Five years later he devised a way to do just that. In 1999 he returned with a custom rig to shoot mosaic-tile frames of the wall, the nascence of his digital tapestry. The completed oeuvre attracted the attention of National Geographic who published it in 2001. So impressed were scientists who saw it that the image has since become a research and teaching tool.
“About 90 percent of life in the ocean starts in coral reefs; they’re the nurseries of the sea,” says Hellemn of why he considers his work both art and part of important conservation work. “They’re fragile and they’re under threat.”
Ellen Cuylaerts
“I empty my mind before I immerse myself. I enter the water with no expectations, ready to shoot whatever nature gives me; you never know what will show up from the deep,” says photographer Ellen Cuylaerts.
Cuylaerts’s patience is richly rewarded, her portfolio an enviable array of sharp yet delicate portraits of the underwater world’s most intoxicating residents. A time-gnarled manatee drifts timidly among the curled and bowed roots of the mangroves, shafts of light piercing the agitated surface to illuminate a sub aqua refuge. Dolphins jostle each other playfully, the sheen of their bodies, shaped by soft grey panels of marking, gleaming gently in the blue.
“The best subjects are those where you have an understanding, a knowledge. The more you know about potential subjects, the better you can anticipate how they will react to you and your camera,” says Cuylaerts. “I never shoot the moment I discover a potential subject. I first want to observe it and create a mutual curiosity.”
Her talent for capturing capricious underwater lighting is almost unparalleled. The shimmer of fins, inky black of a cave and sparkle of a perfectly framed shoal in ‘Vortex’ are so spectacular they appear extraterrestrial.
Light forms the starting point of many of her most successful images: “It always enchants me,” muses Cuylaerts. “The reflection of the sun beams on shallow sandy patches, touching ripples of sand, or the low morning or evening light that touches the water’s surface.
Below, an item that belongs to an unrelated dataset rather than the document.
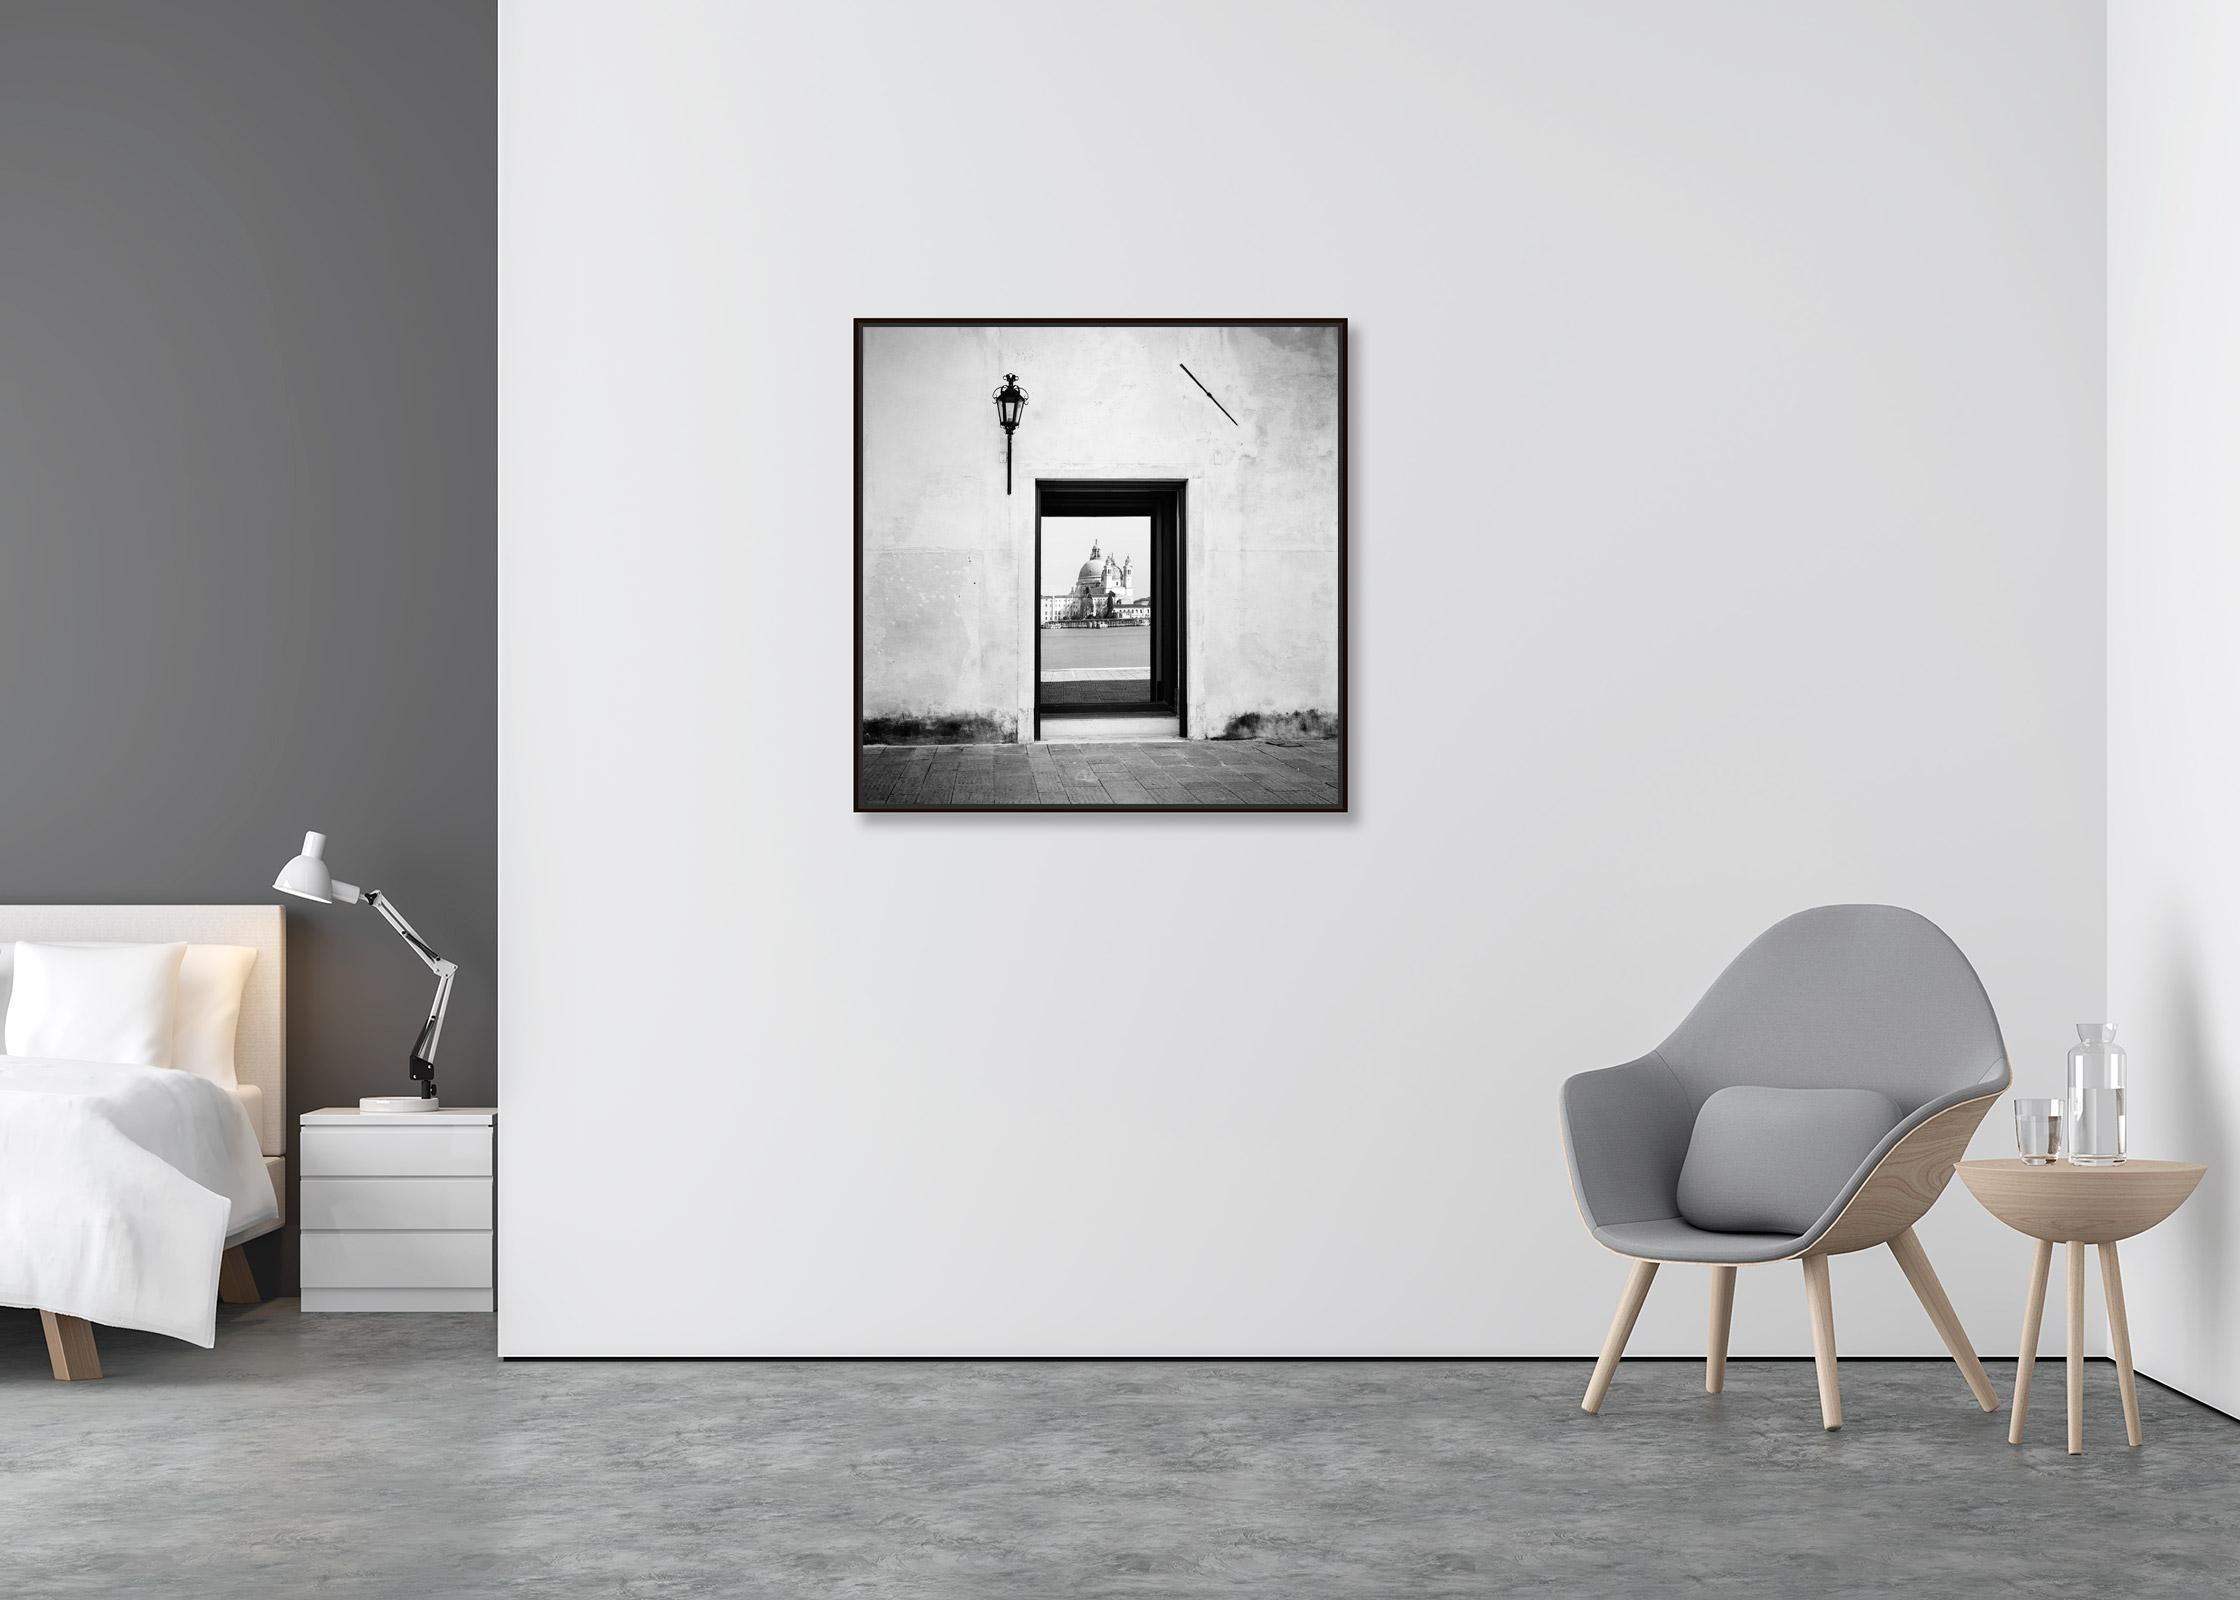 Reflection, Venedig, Italien, Schwarz-Weiß-Fotografiedruck der bildenden Kunst (Minimalistisch), Photograph, von Gerald Berghammer

There is nothing more serene.”
The Caribbean is her photographic playground, yet she moved here almost by accident. “We were planning to leave Belgium and booked a holiday to Grand Cayman to snorkel with the children,” she recalls. “Five days later we had found a property.” Having fallen hard for Cayman’s submerged beauty, she was deeply moved to learn about the suffering of sharks, which are killed for their fins.
“Sharks should be loved: they keep our oceans in balance, feed on sick and weak fish and keep our reefs strong.” Determined to do something, she co-founded Fin Free Cayman Islands to educate the world about the need to protect this most misunderstood creature, securing an international stage to progress this work by winning prizes in the World Ocean Day Photo Contest in both 2014 and 2015. The UN do an amazing job promoting ocean conservations, she says; “I’m very proud to be a part of their effort.”